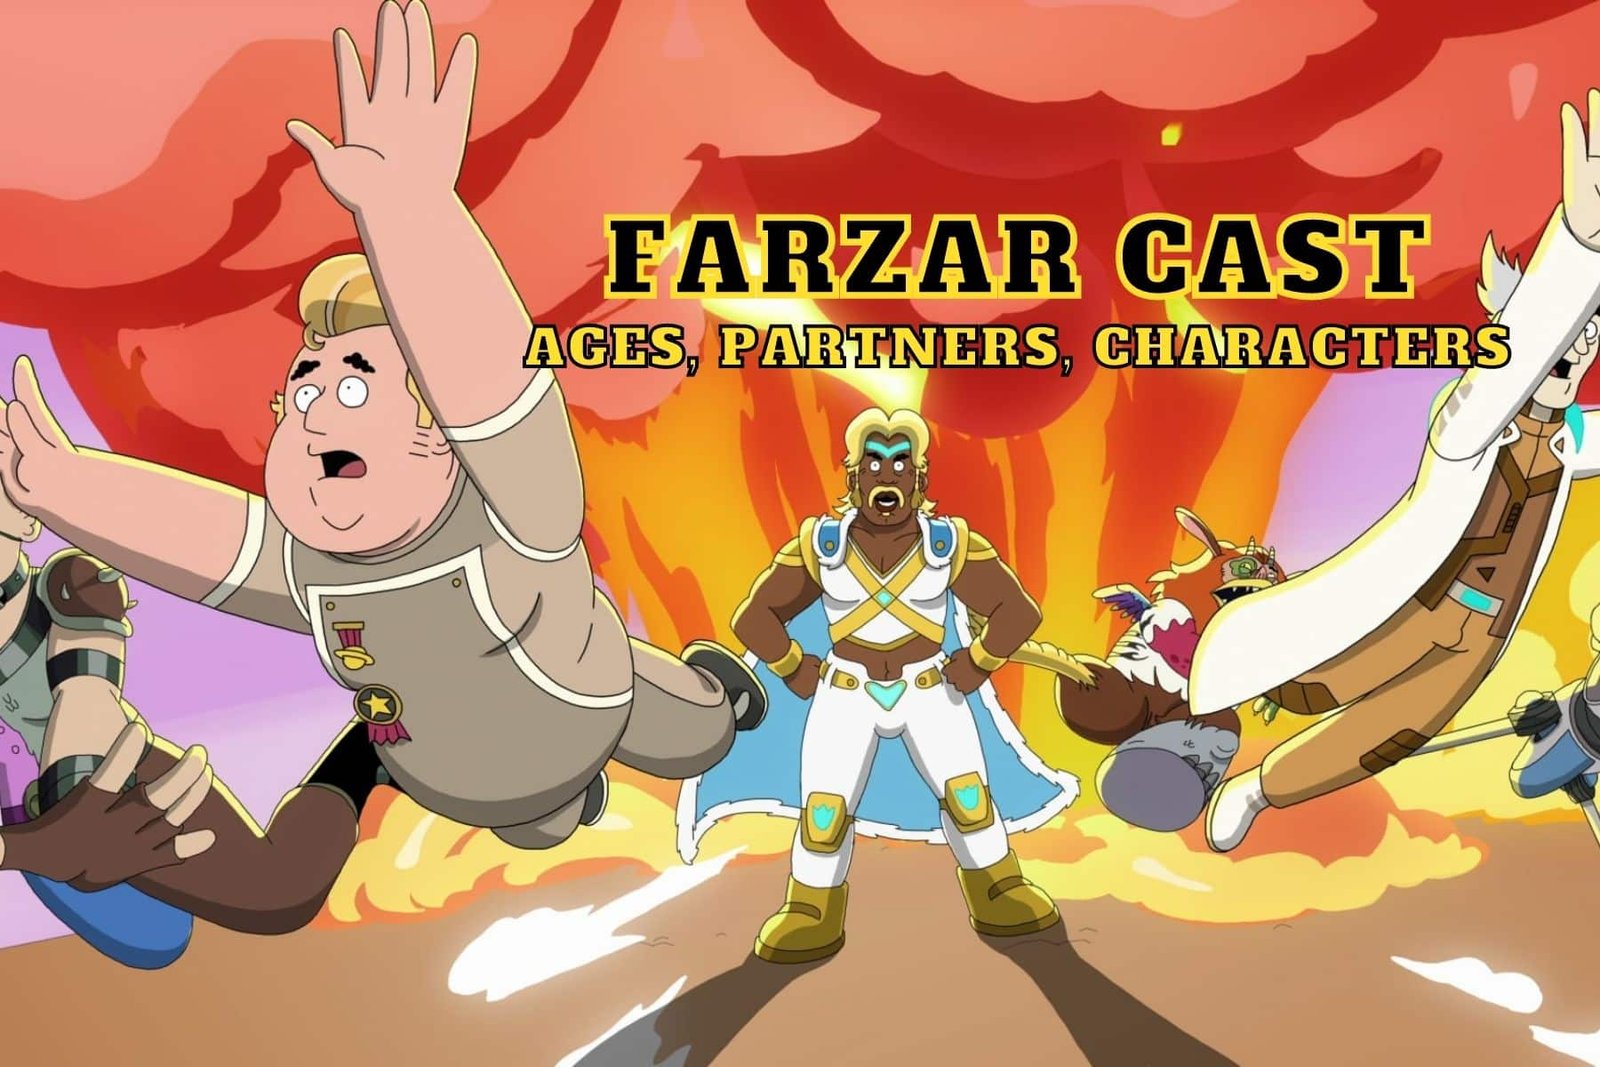 Farzar Cast - Ages, Partners, Characters
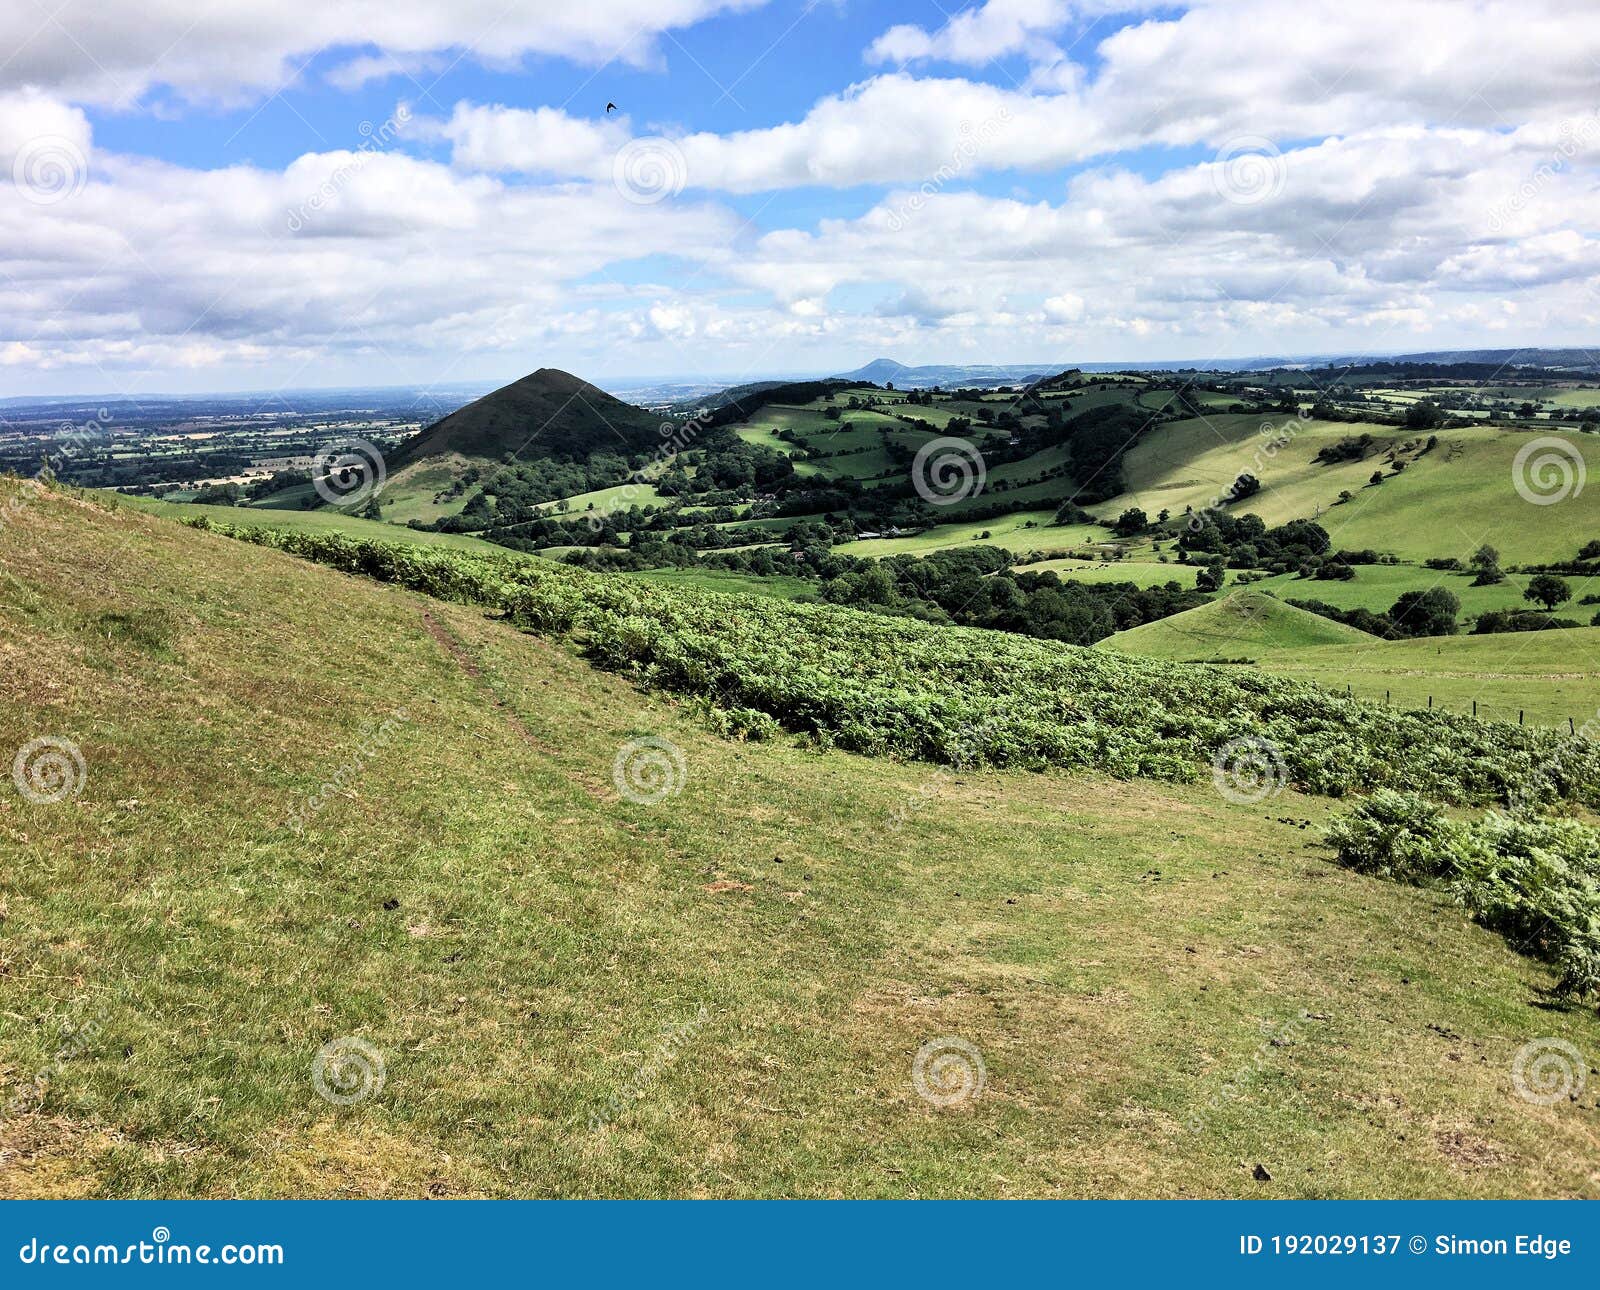 a view of the shopshire countryside near caer caradoc
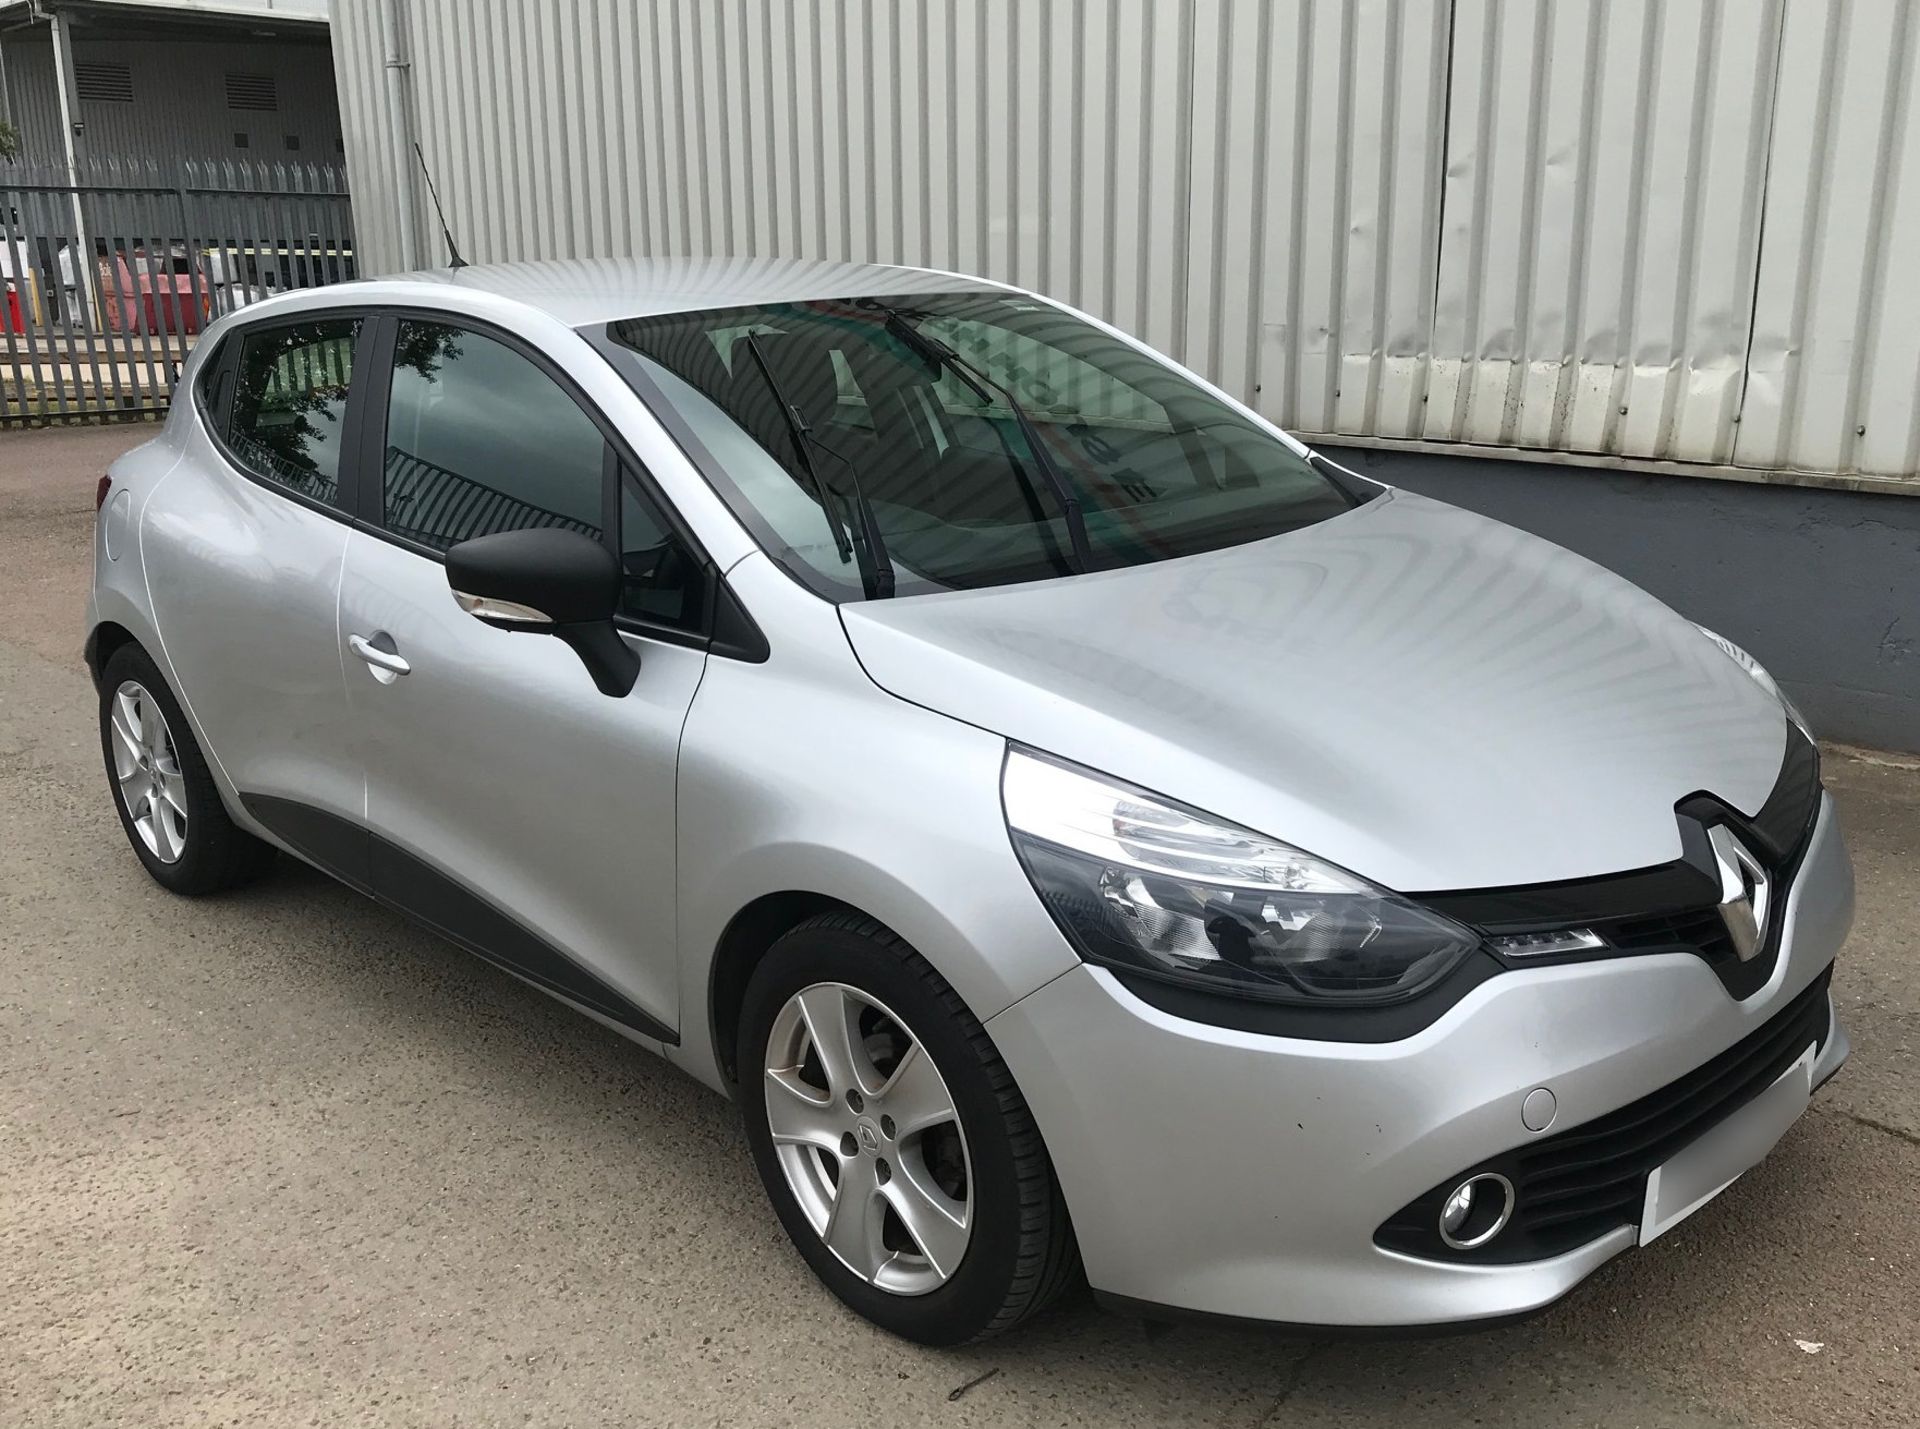 2015 Renault Clio 1.5 Dci Expression + Eco 5 Dr Hatchback - 1 YEARS MOT - CL505 - NO VAT ON THE HAM

- ASSIGNMENT -
Your copy should hold each line above exactly and no pictures at all.

- SOLUTION TO THE EXERCISE -
 Farzar Cast - Ages, Partners, Characters
 a view of the shopshire countryside near caer caradoc
 2015 Renault Clio 1.5 Dci Expression + Eco 5 Dr Hatchback - 1 YEARS MOT - CL505 - NO VAT ON THE HAM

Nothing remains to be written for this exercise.